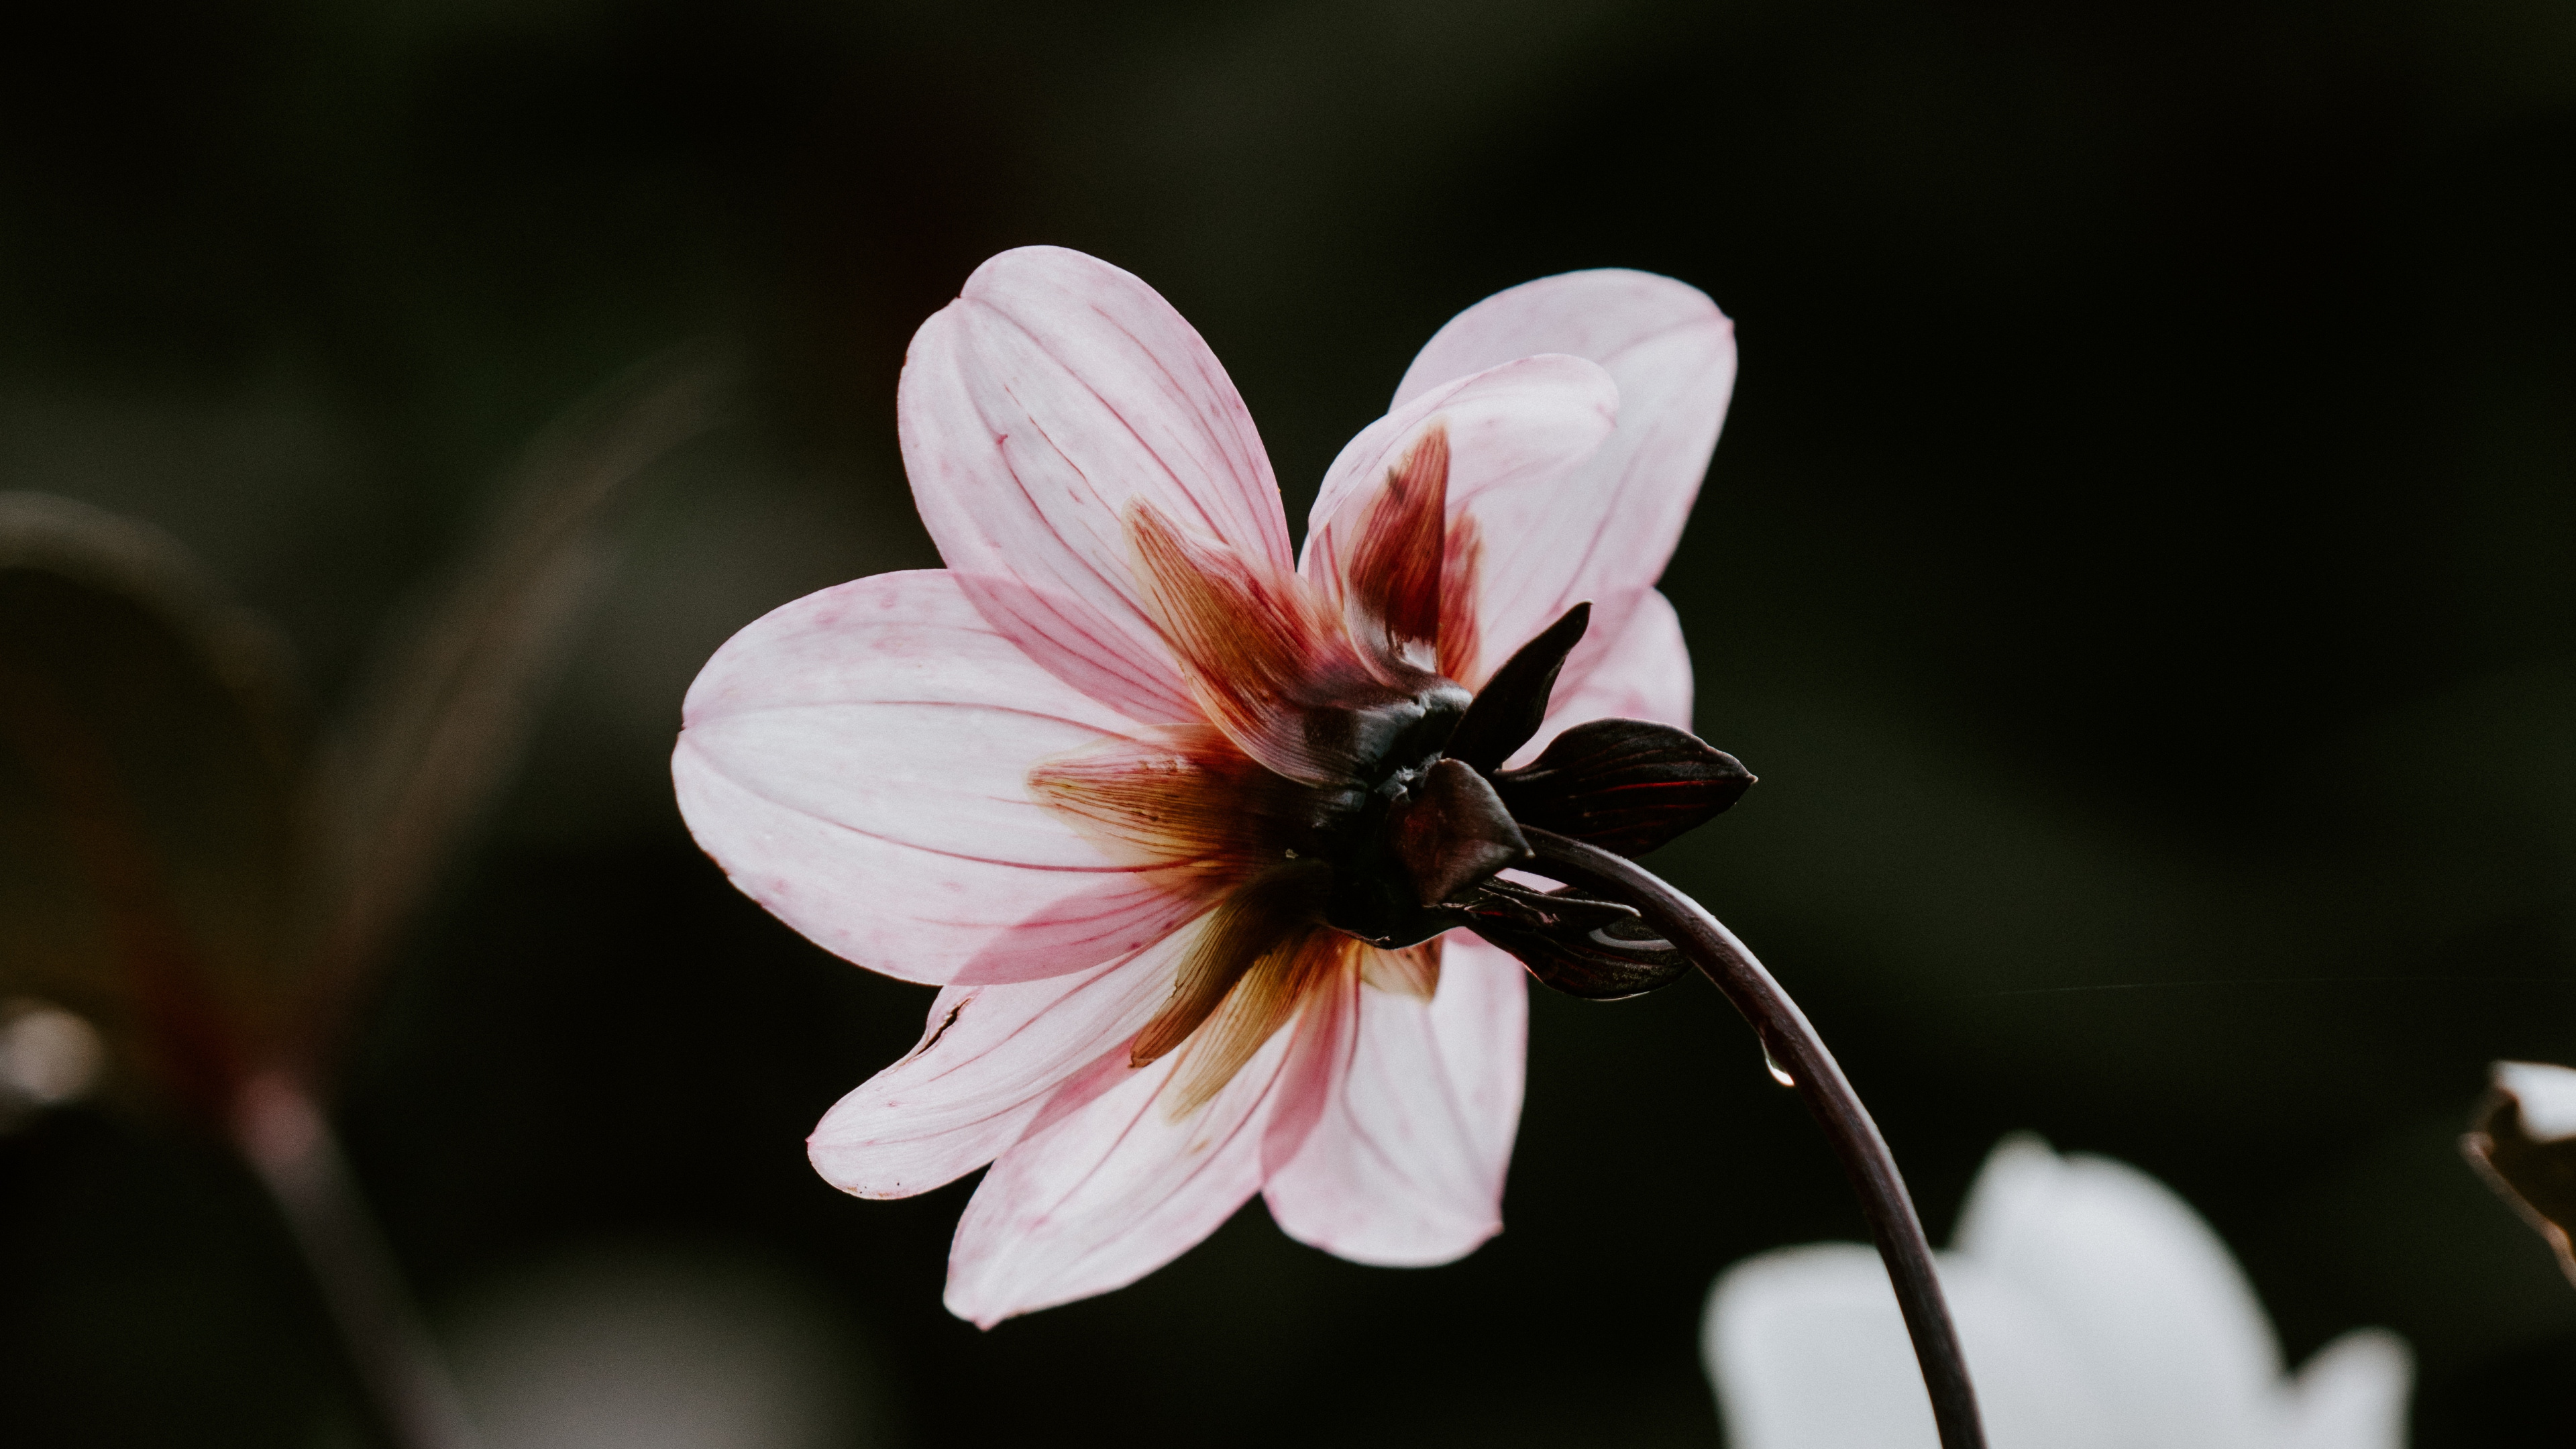 Pink and White Flower in Tilt Shift Lens. Wallpaper in 3840x2160 Resolution
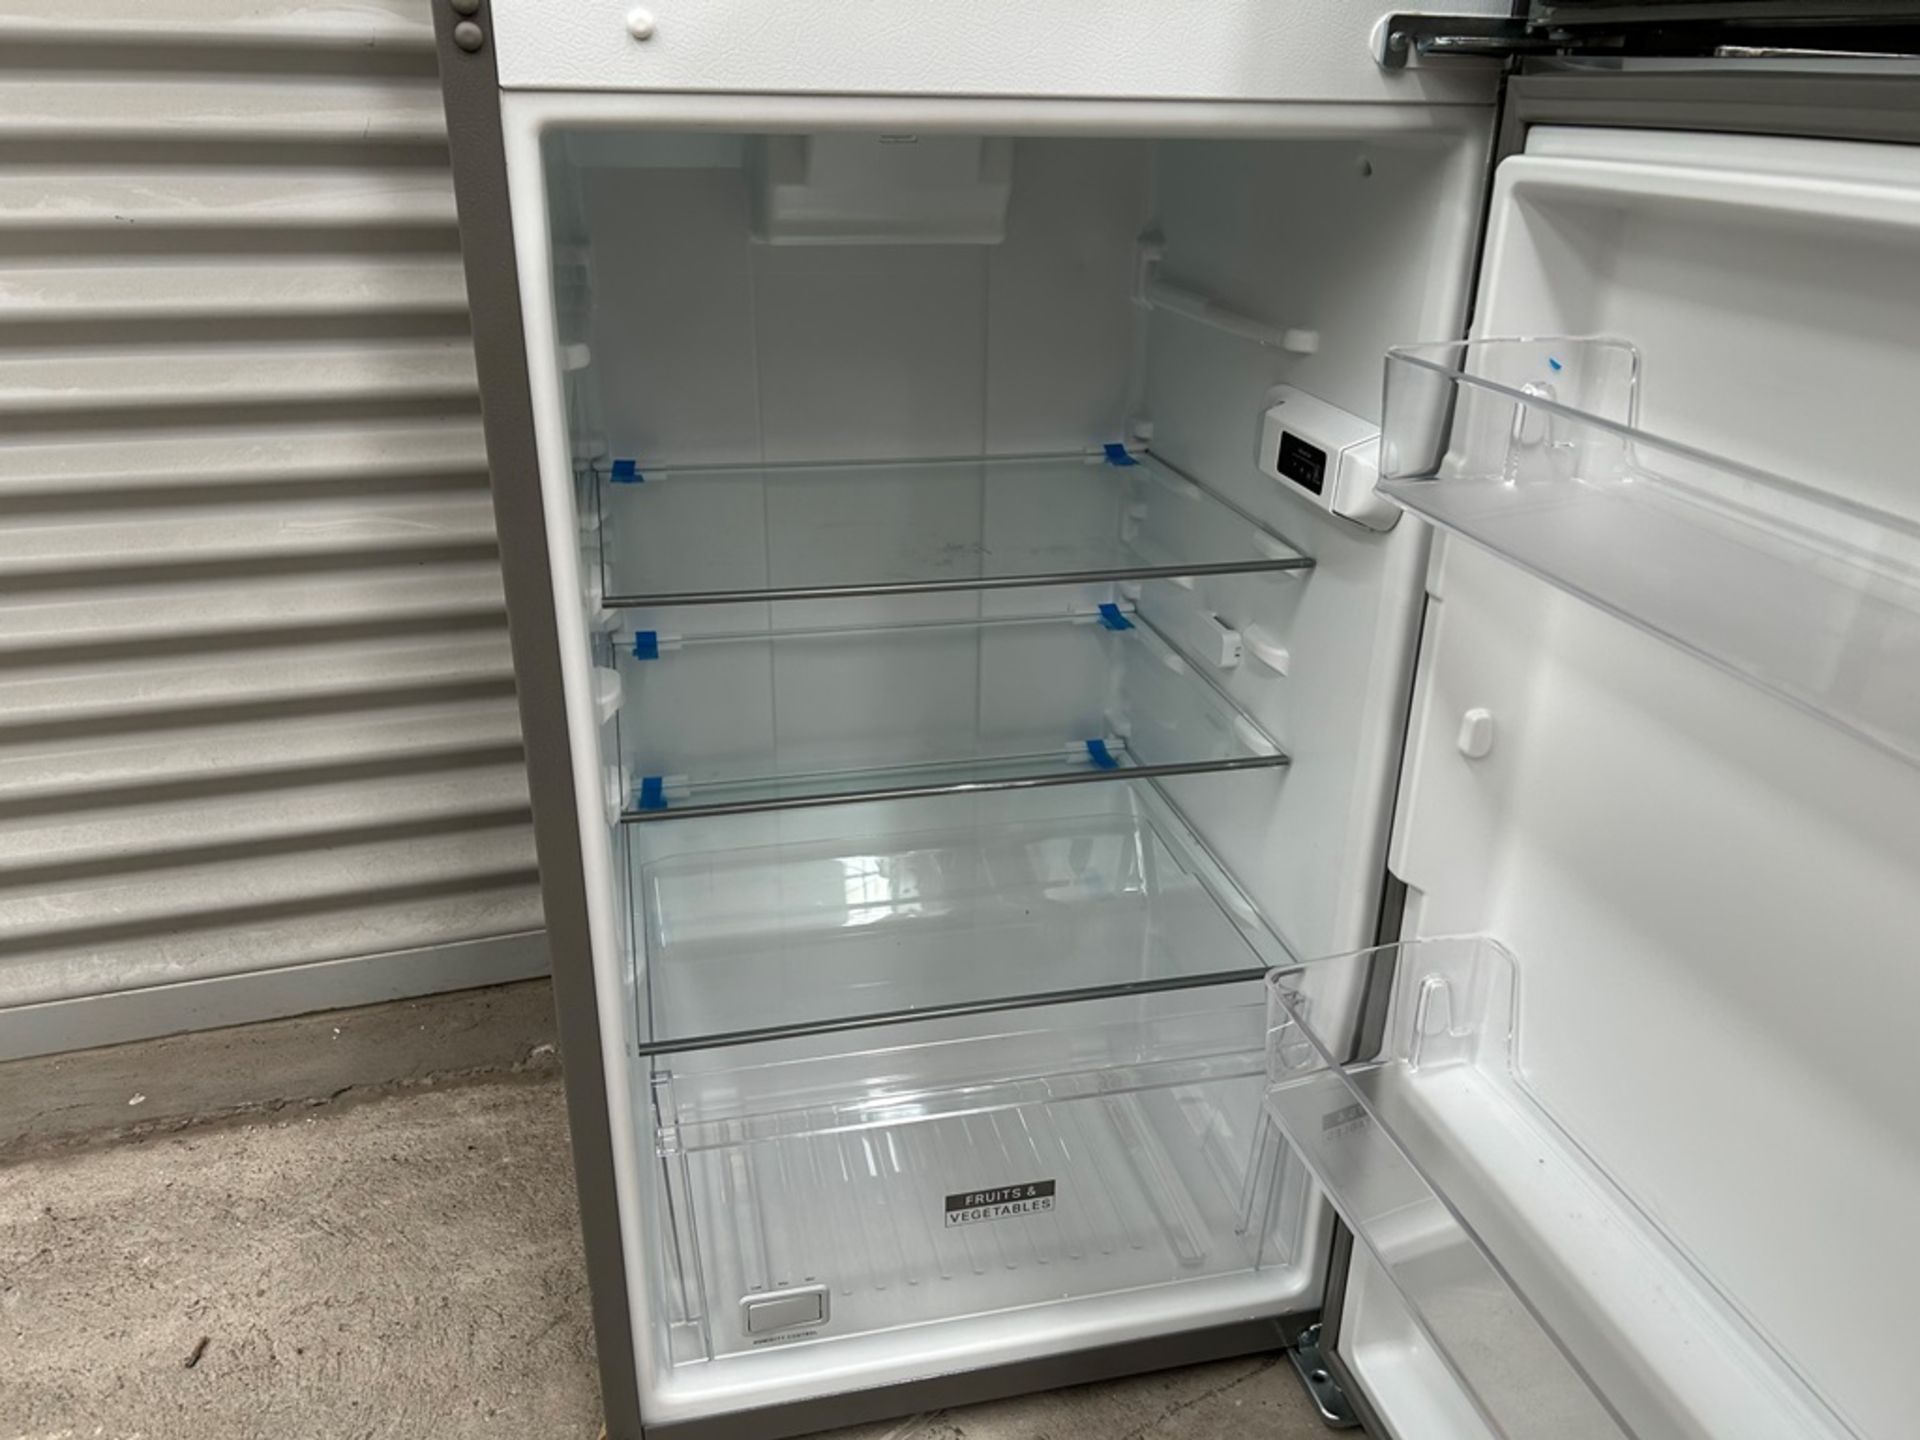 Lote de 2 refrigeradores contiene: 1 Refrigerador Marca WHIRPOOL, Modelo WT1230K, Serie 91306, Colo - Image 7 of 17
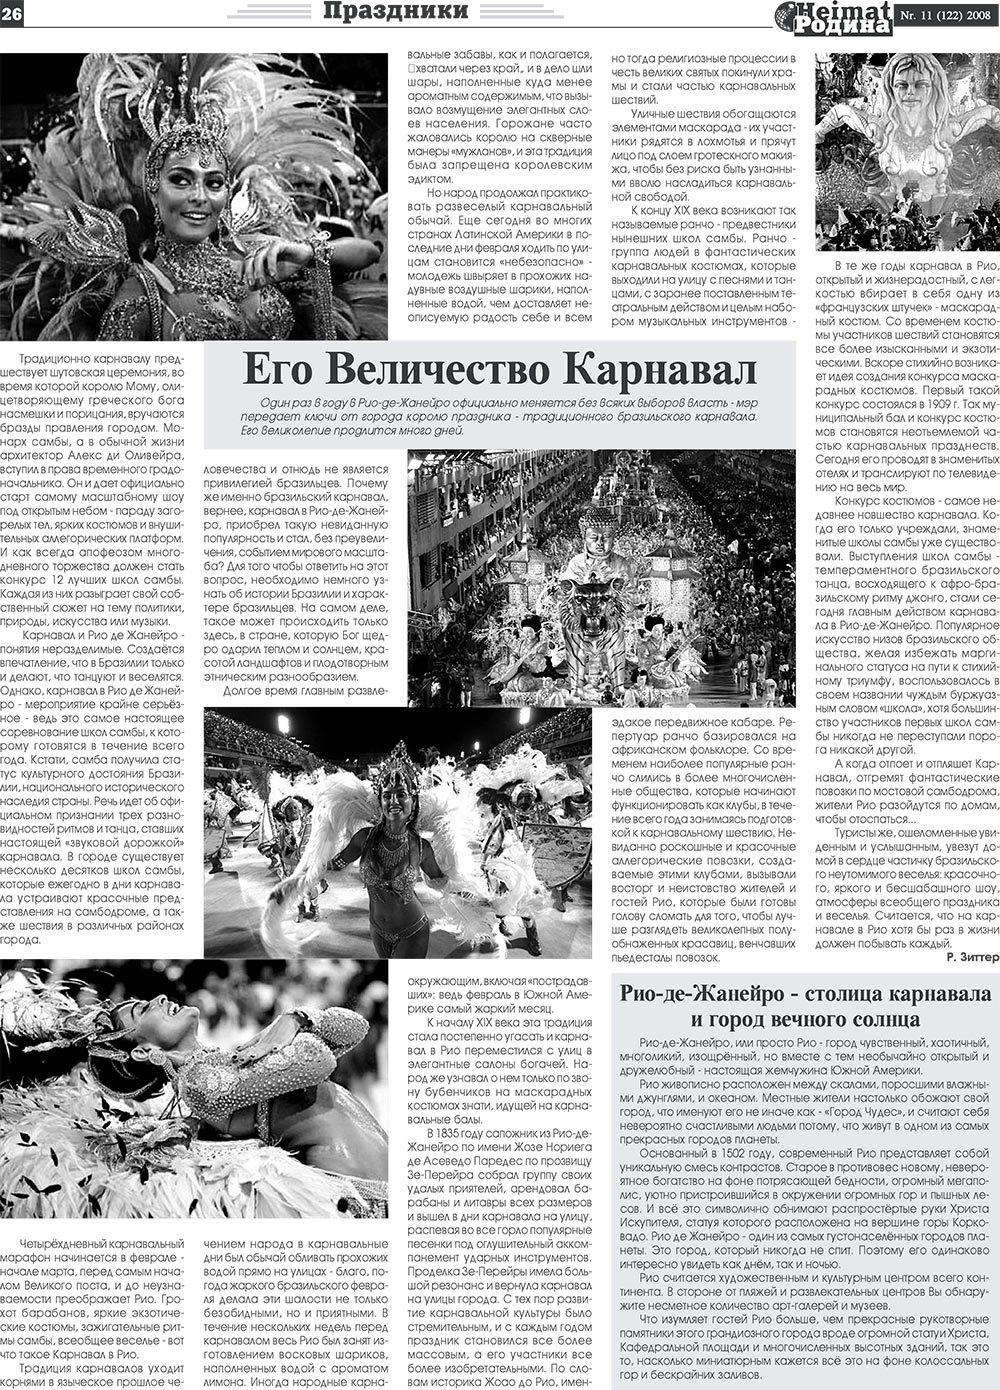 Heimat-Родина (газета). 2008 год, номер 11, стр. 26

----

● **Task details**:
Only the text of the listing above is wanted, transcribed exactly, without its images.

● **Exercise response**:
 Pink and White Flower in Tilt Shift Lens. Wallpaper in 3840x2160 Resolution
 Lote de 2 refrigeradores contiene: 1 Refrigerador Marca WHIRPOOL, Modelo WT1230K, Serie 91306, Colo - Image 7 of 17
 Heimat-Родина (газета). 2008 год, номер 11, стр. 26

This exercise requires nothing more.